-- Records supplied --
§
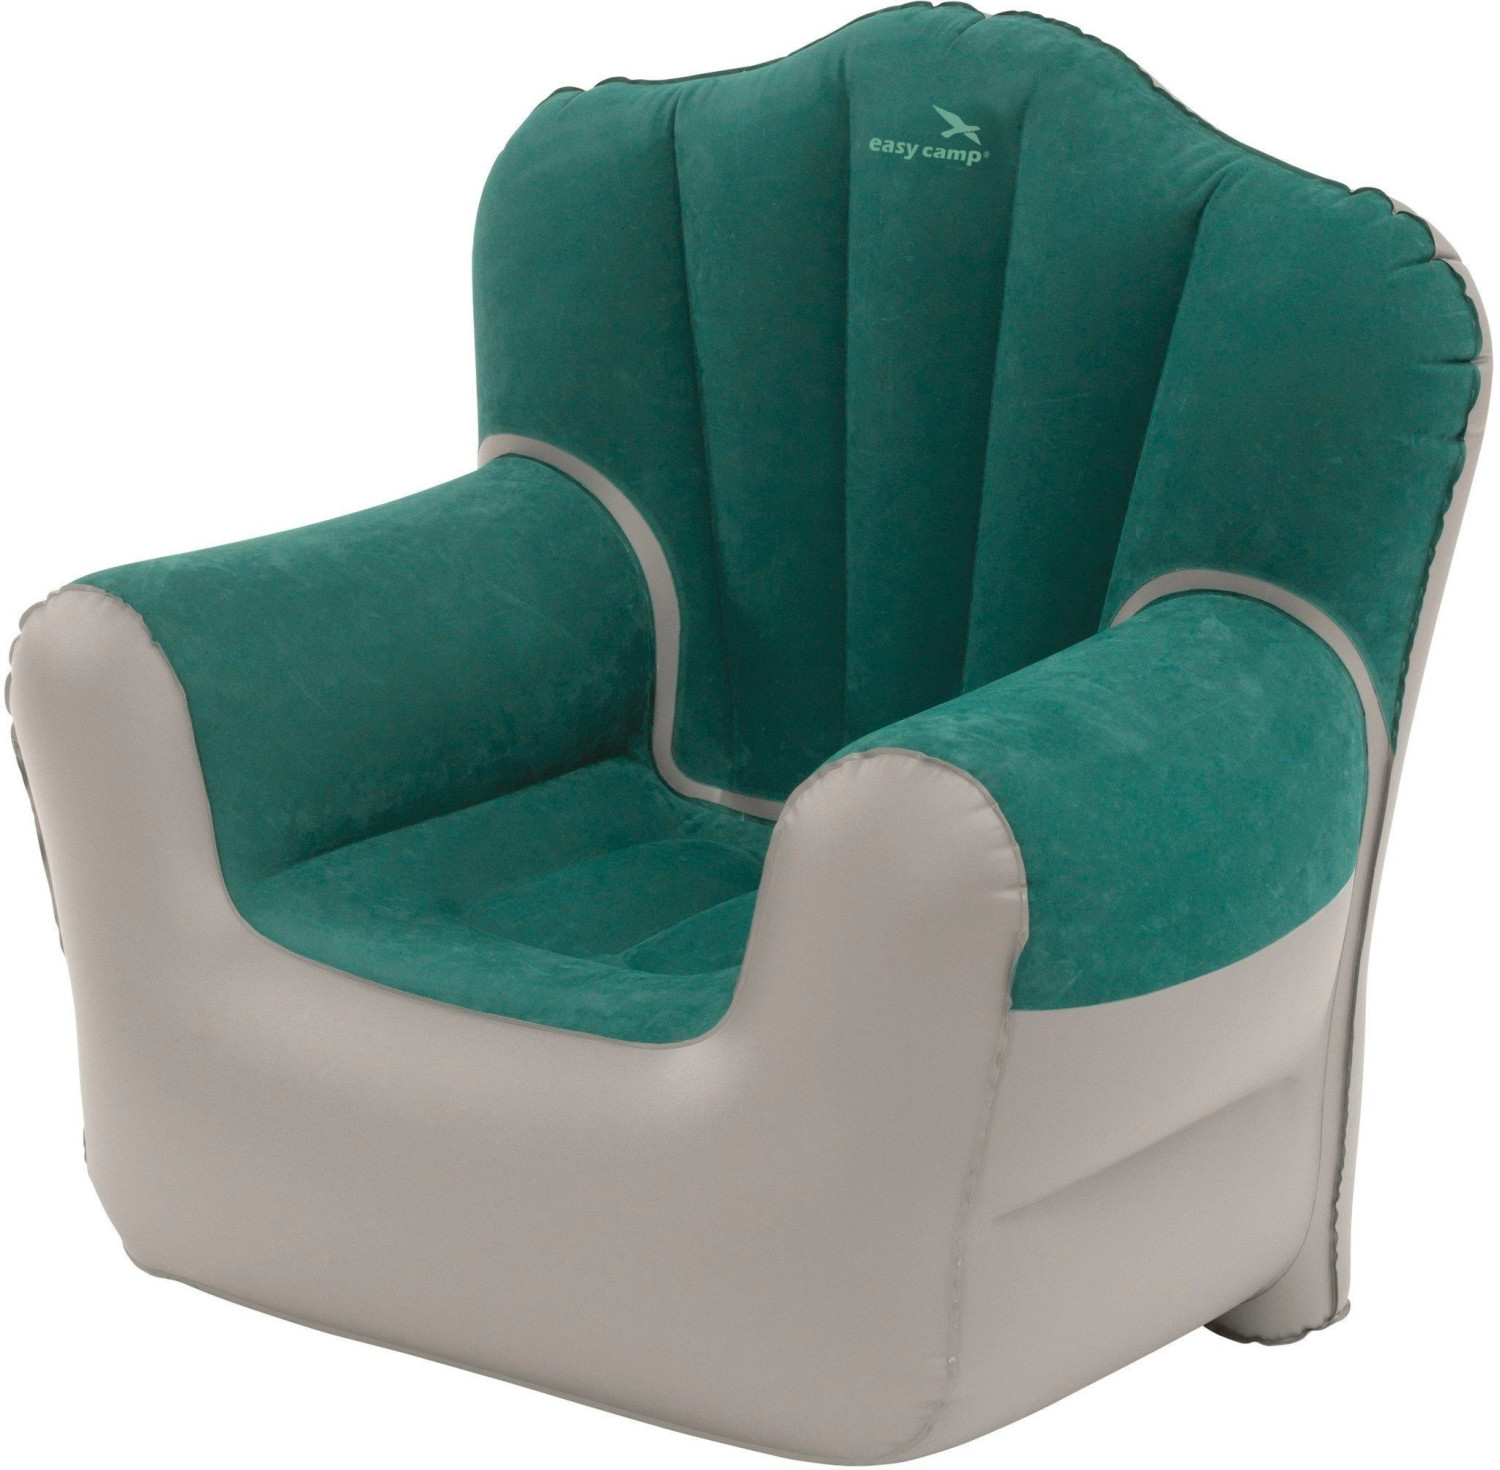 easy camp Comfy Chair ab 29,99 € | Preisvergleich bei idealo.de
§
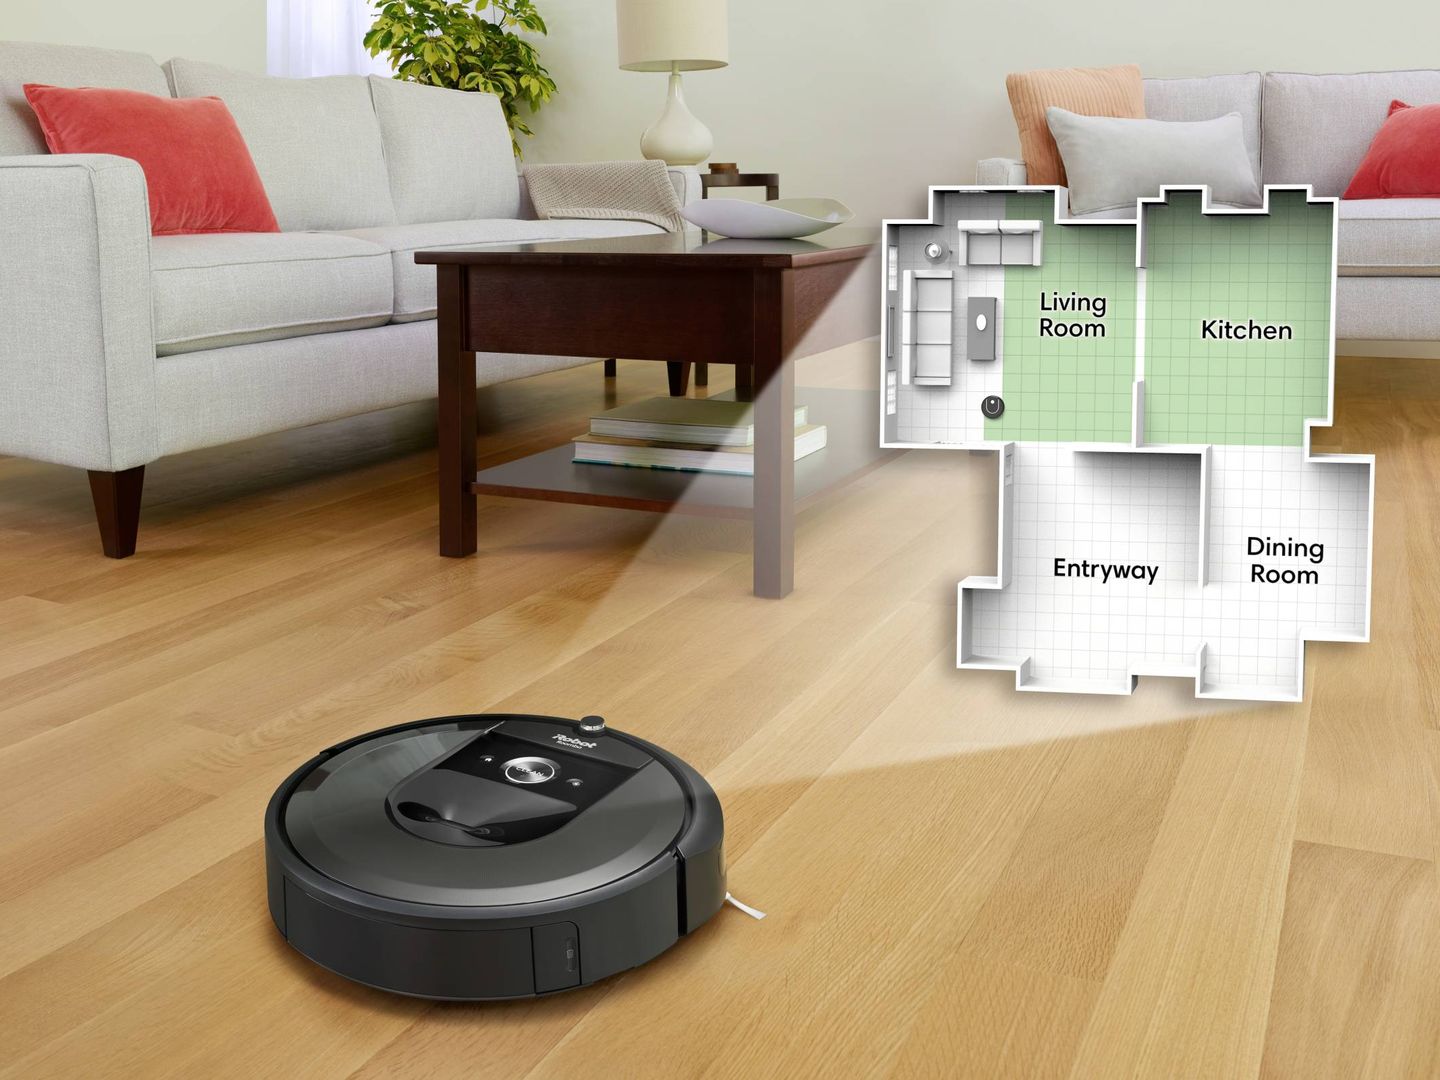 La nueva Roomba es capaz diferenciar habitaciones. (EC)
§
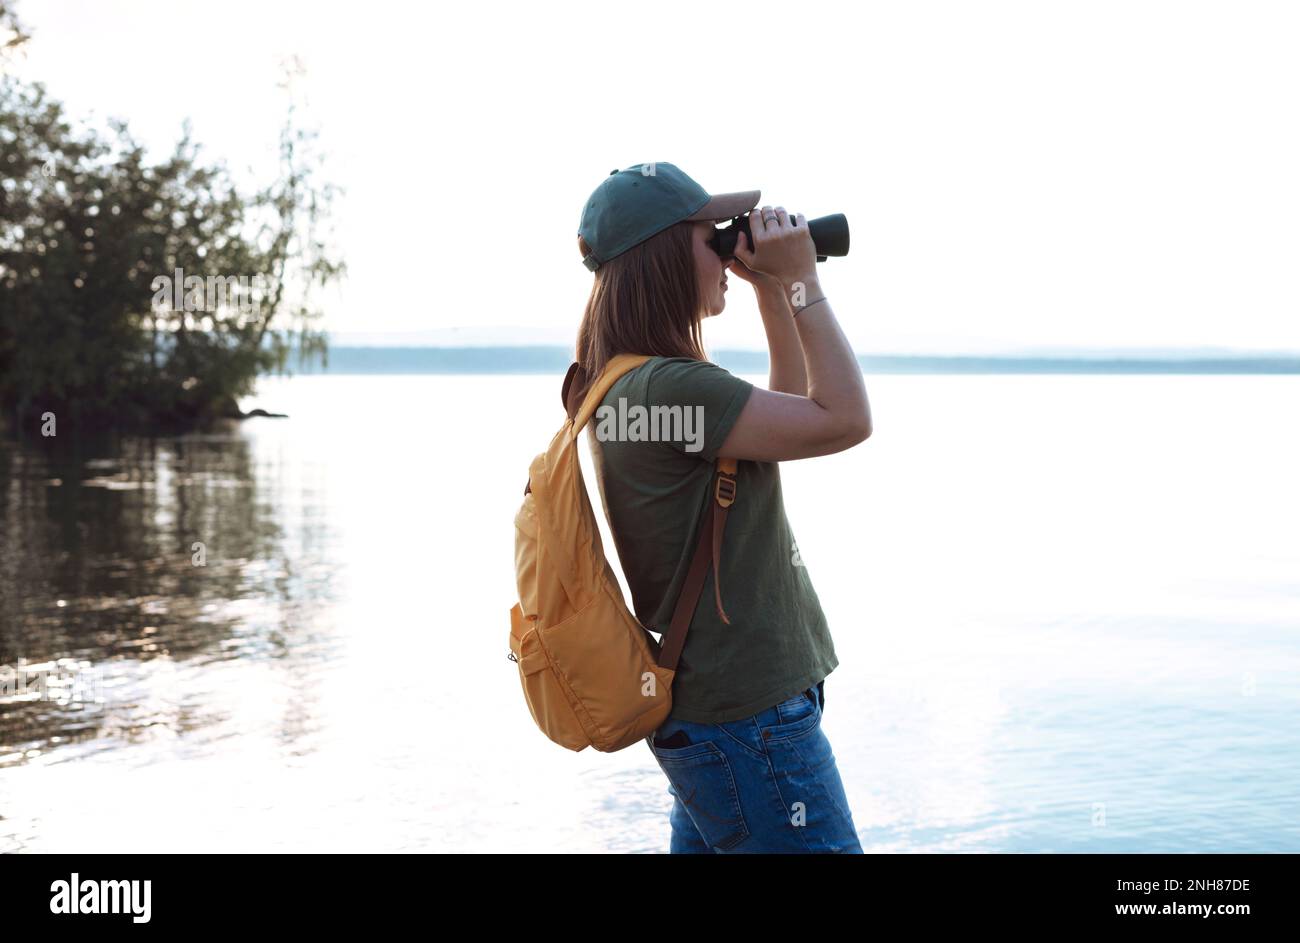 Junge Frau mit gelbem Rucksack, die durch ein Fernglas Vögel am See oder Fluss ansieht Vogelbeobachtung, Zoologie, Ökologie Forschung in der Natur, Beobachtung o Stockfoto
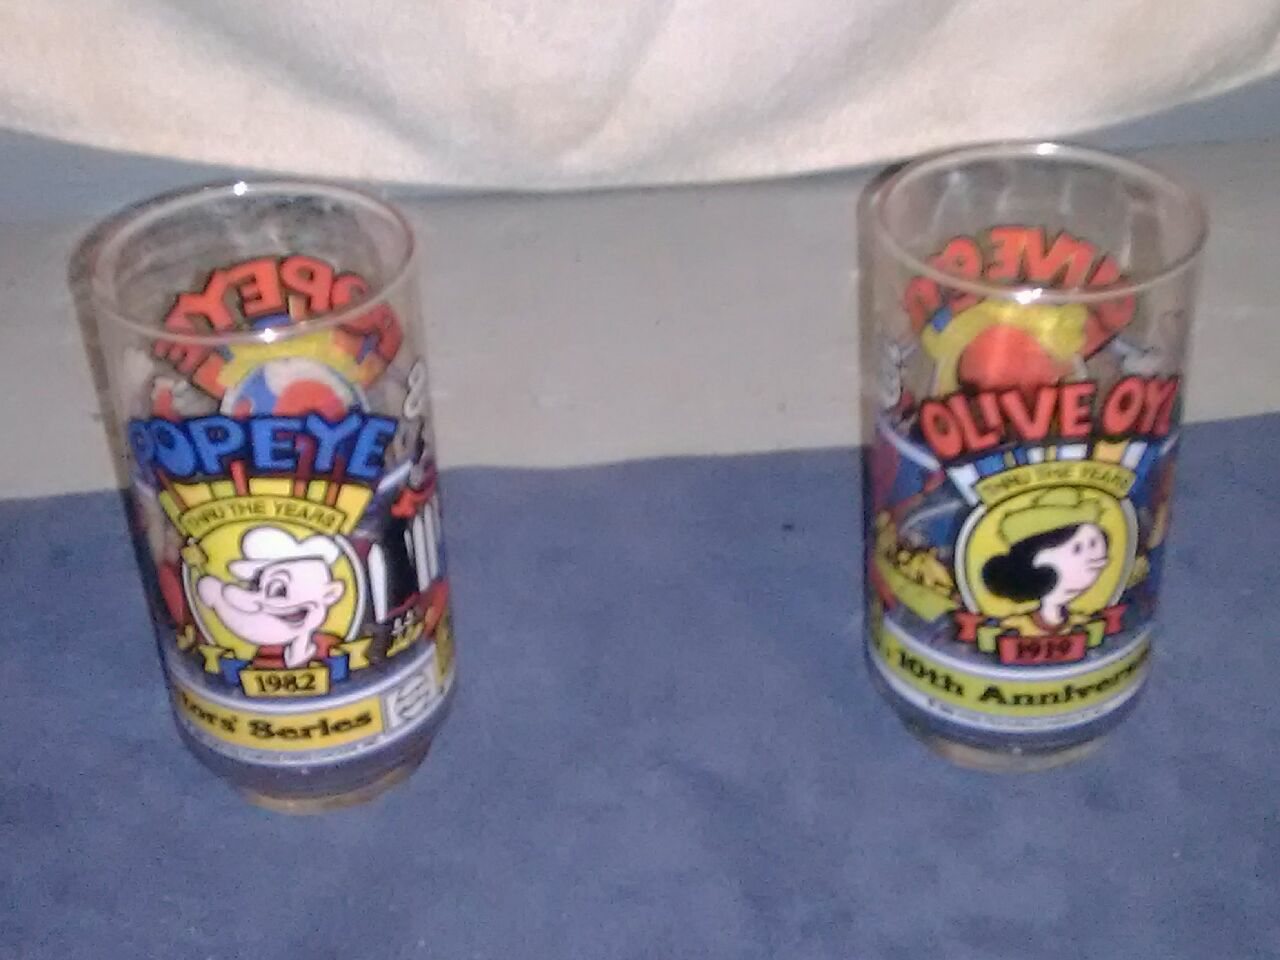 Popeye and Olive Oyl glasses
§
Reproduce, word for word, everything in the listing above from the line containing "Junge Frau mit" down to the line containing "Popeye and Olive Oyl glasses", both of them included. No pictures.

-- Written reply --
 Junge Frau mit gelbem Rucksack, die durch ein Fernglas Vögel am See oder Fluss ansieht Vogelbeobachtung, Zoologie, Ökologie Forschung in der Natur, Beobachtung o Stockfoto
 Popeye and Olive Oyl glasses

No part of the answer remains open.